____ STORED DATA

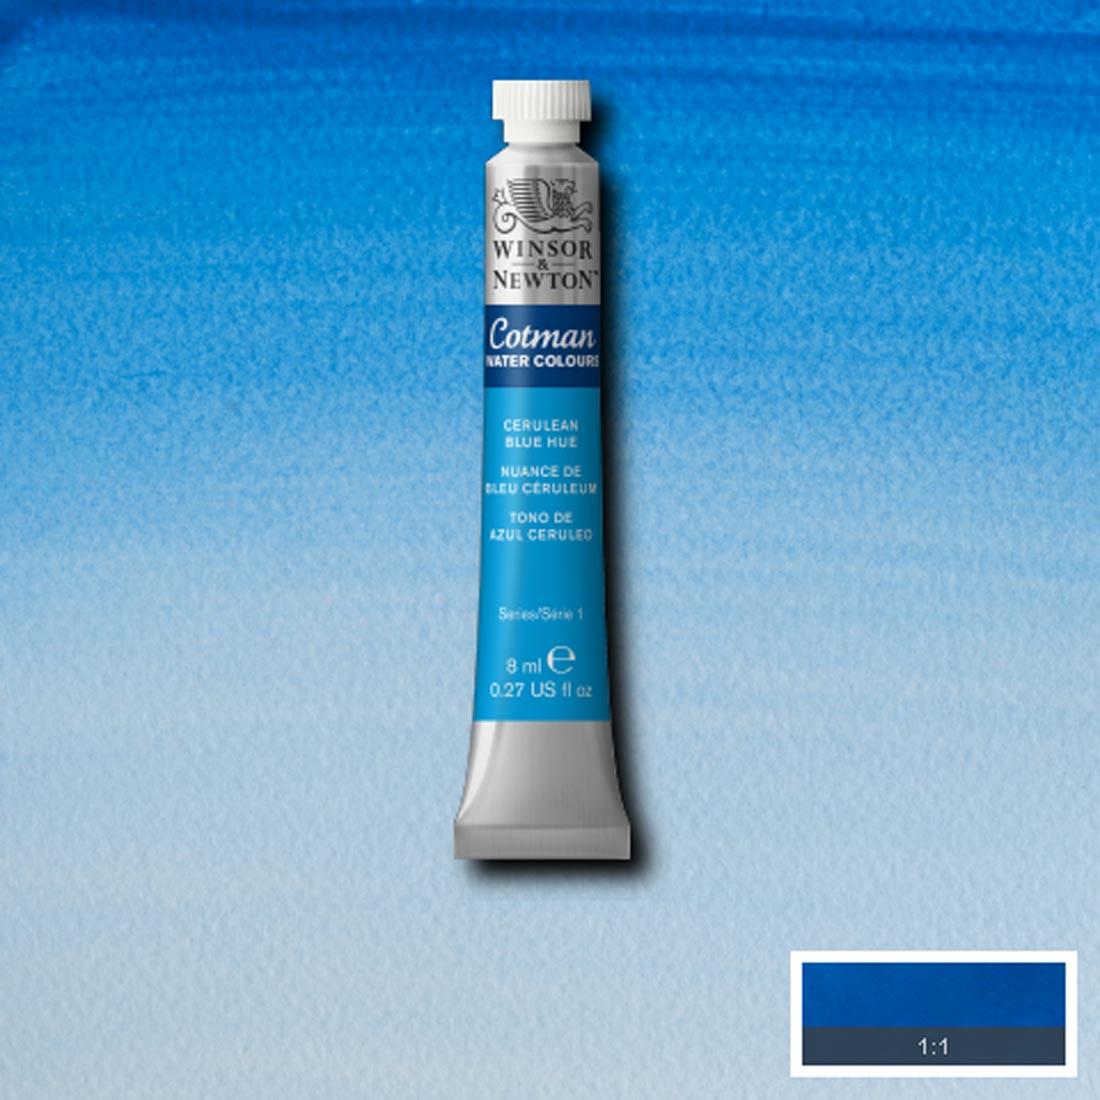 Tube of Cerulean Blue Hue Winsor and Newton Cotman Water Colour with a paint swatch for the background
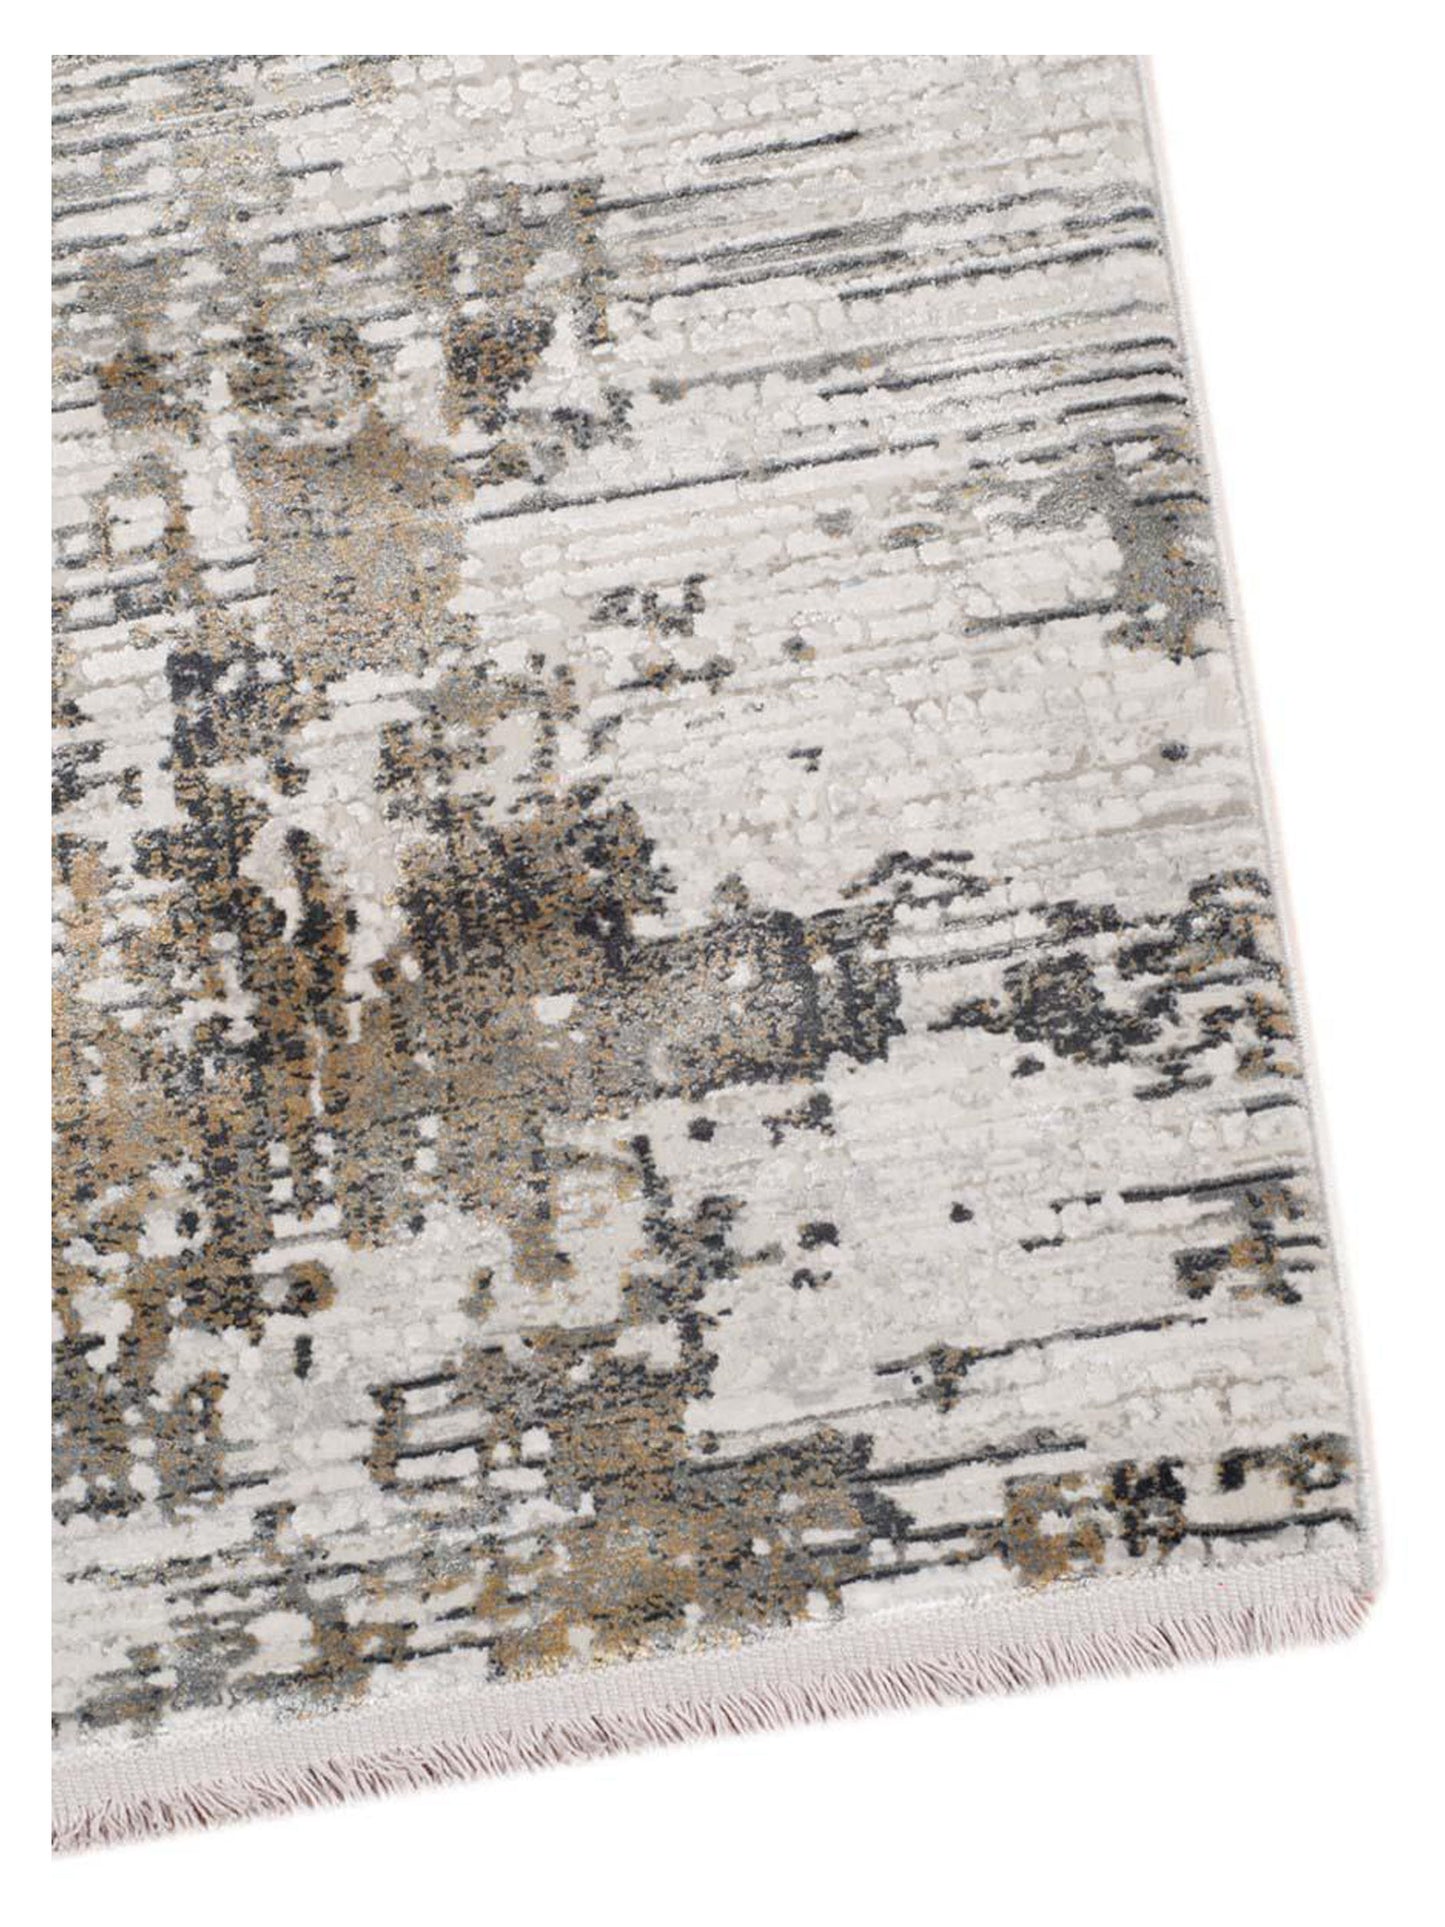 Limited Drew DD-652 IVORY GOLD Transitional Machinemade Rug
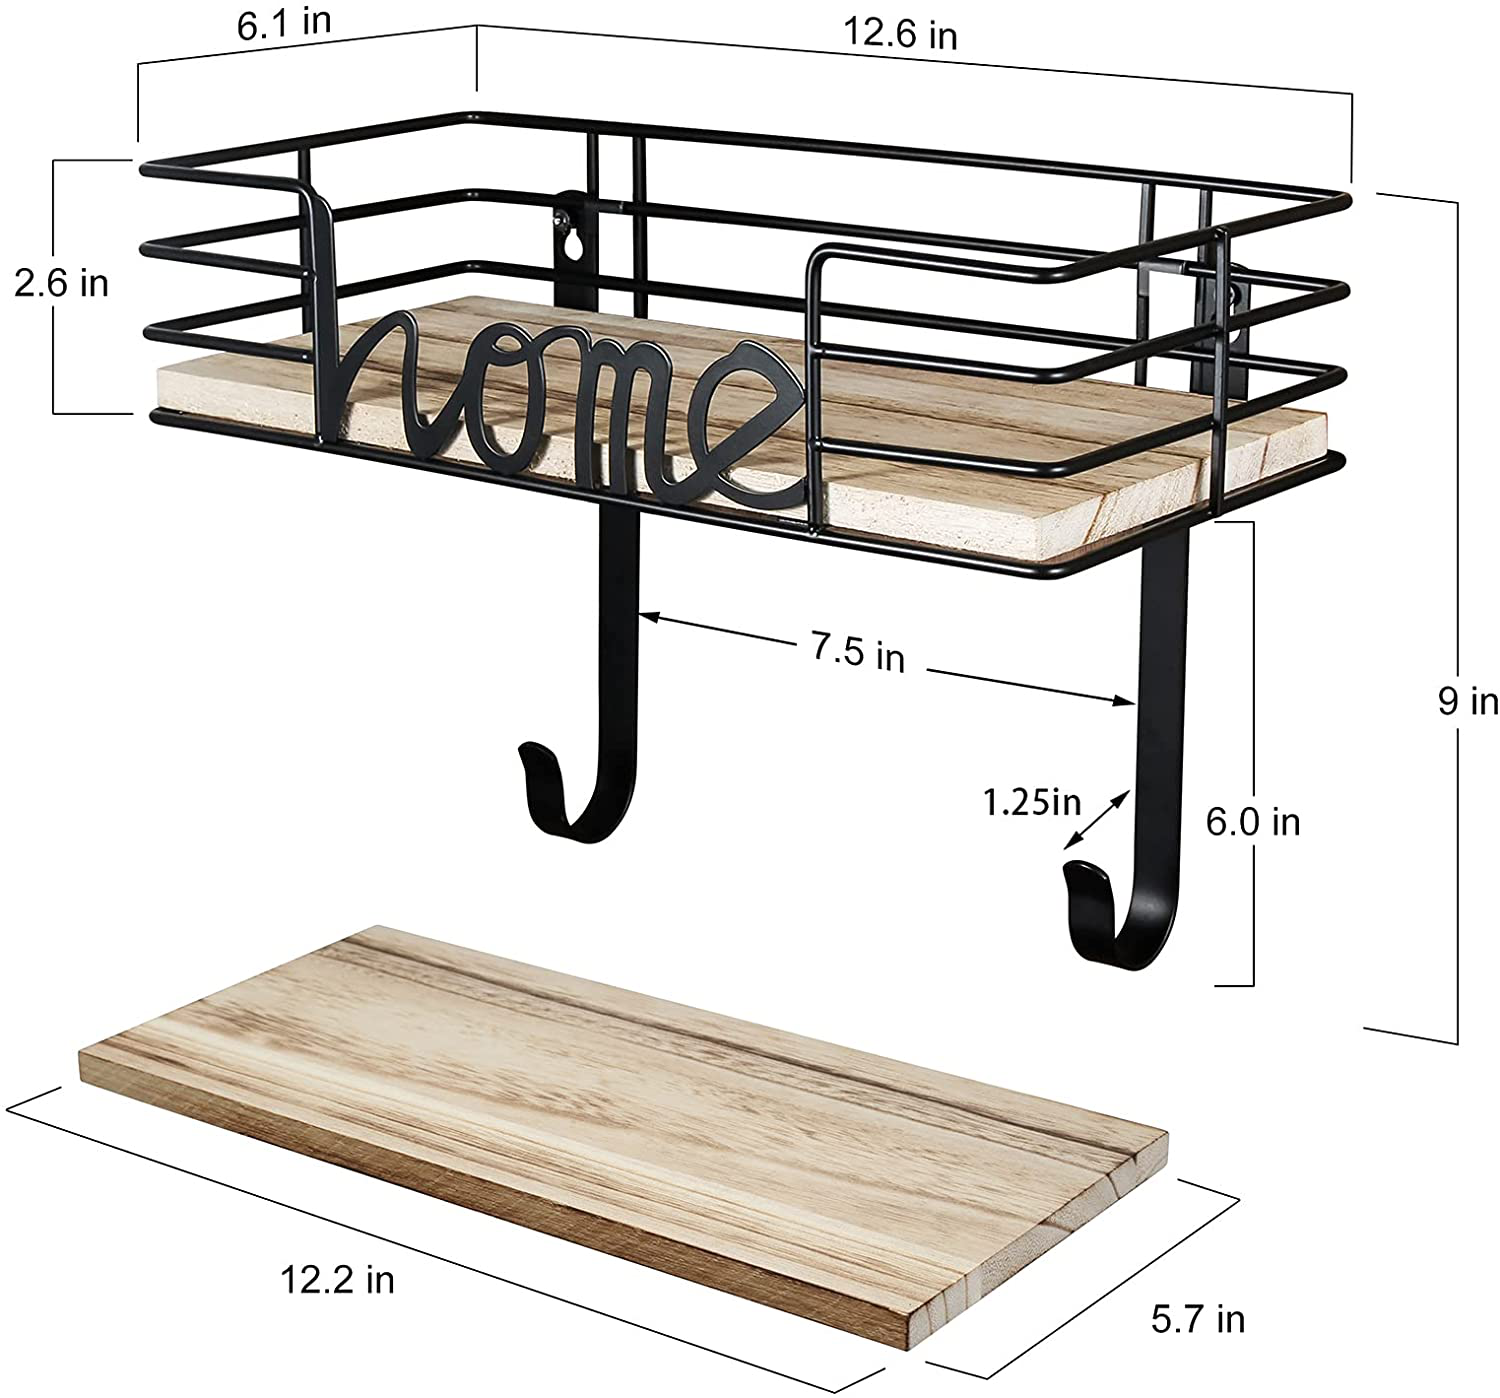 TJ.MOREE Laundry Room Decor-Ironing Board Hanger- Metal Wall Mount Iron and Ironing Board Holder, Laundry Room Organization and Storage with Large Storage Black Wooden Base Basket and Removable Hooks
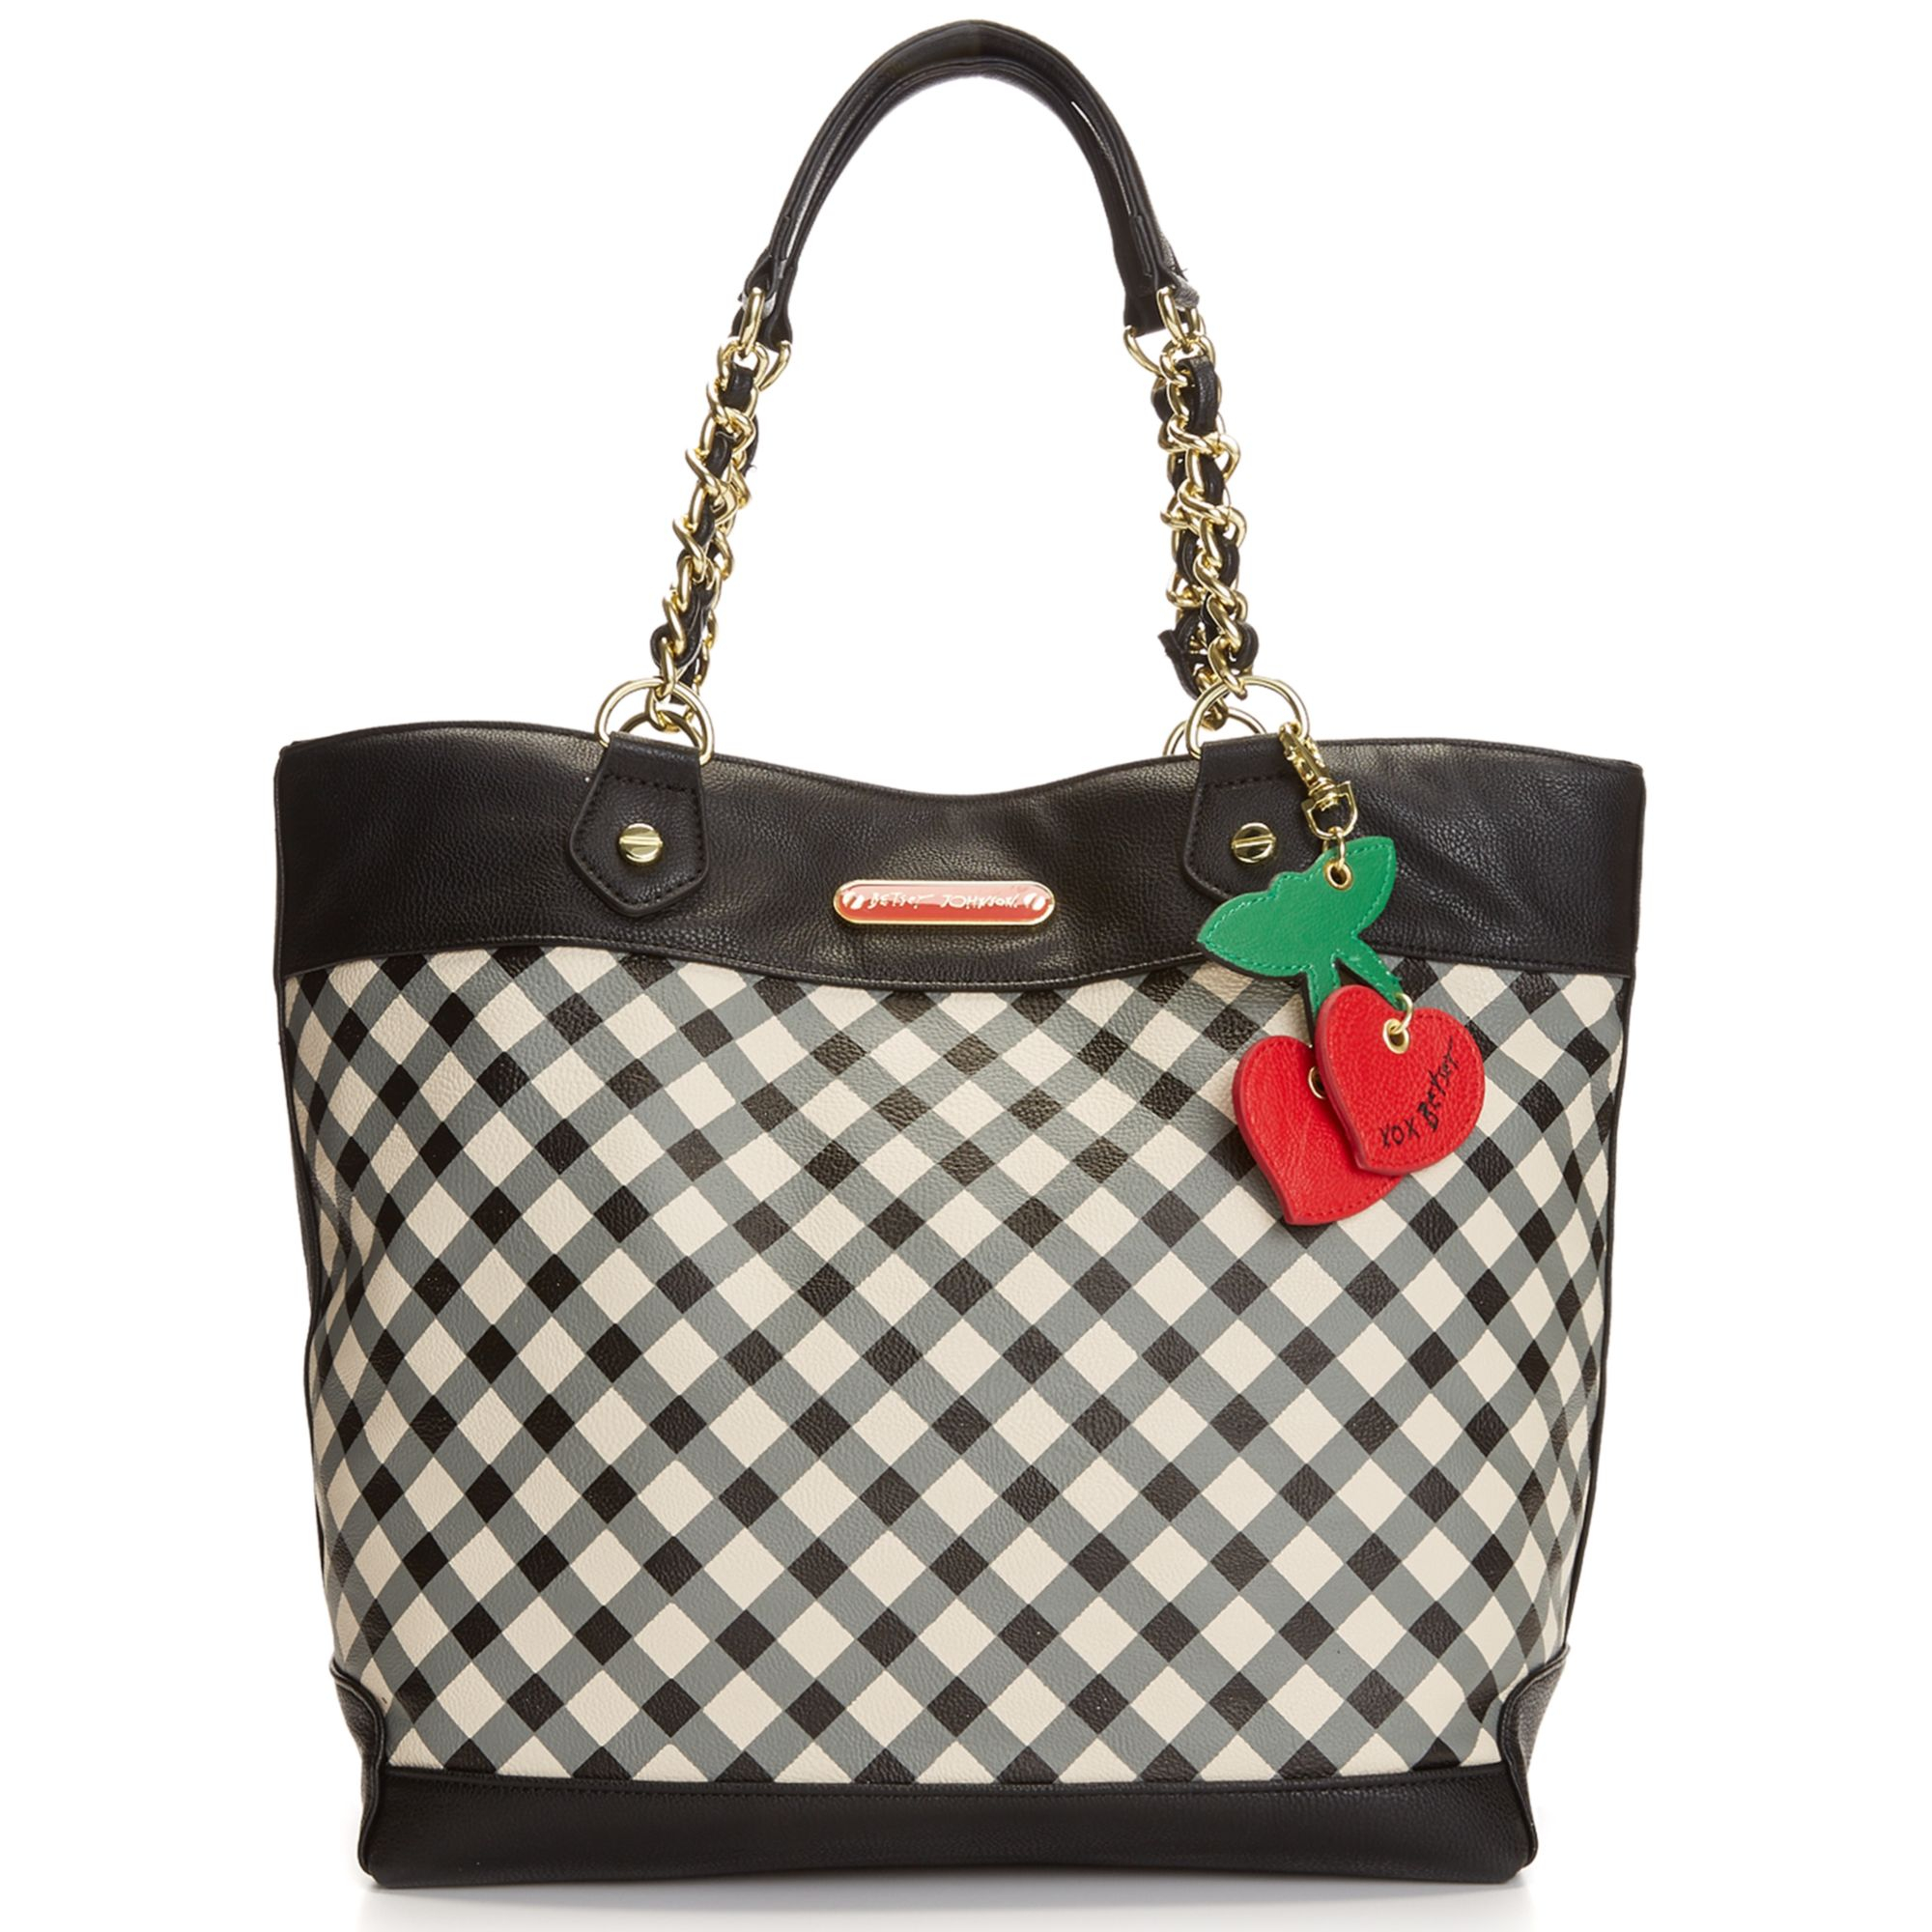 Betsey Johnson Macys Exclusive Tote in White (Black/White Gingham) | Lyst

________

- TRY IT:
Beginning with the line that holds "Limited Drew DD-652" and ending with the last line of the material above, extract every line exactly, pictures excluded.

- REPLY TO THE EXERCISE:
 Limited Drew DD-652 IVORY GOLD Transitional Machinemade Rug
 TJ.MOREE Laundry Room Decor-Ironing Board Hanger- Metal Wall Mount Iron and Ironing Board Holder, Laundry Room Organization and Storage with Large Storage Black Wooden Base Basket and Removable Hooks
 Betsey Johnson Macys Exclusive Tote in White (Black/White Gingham) | Lyst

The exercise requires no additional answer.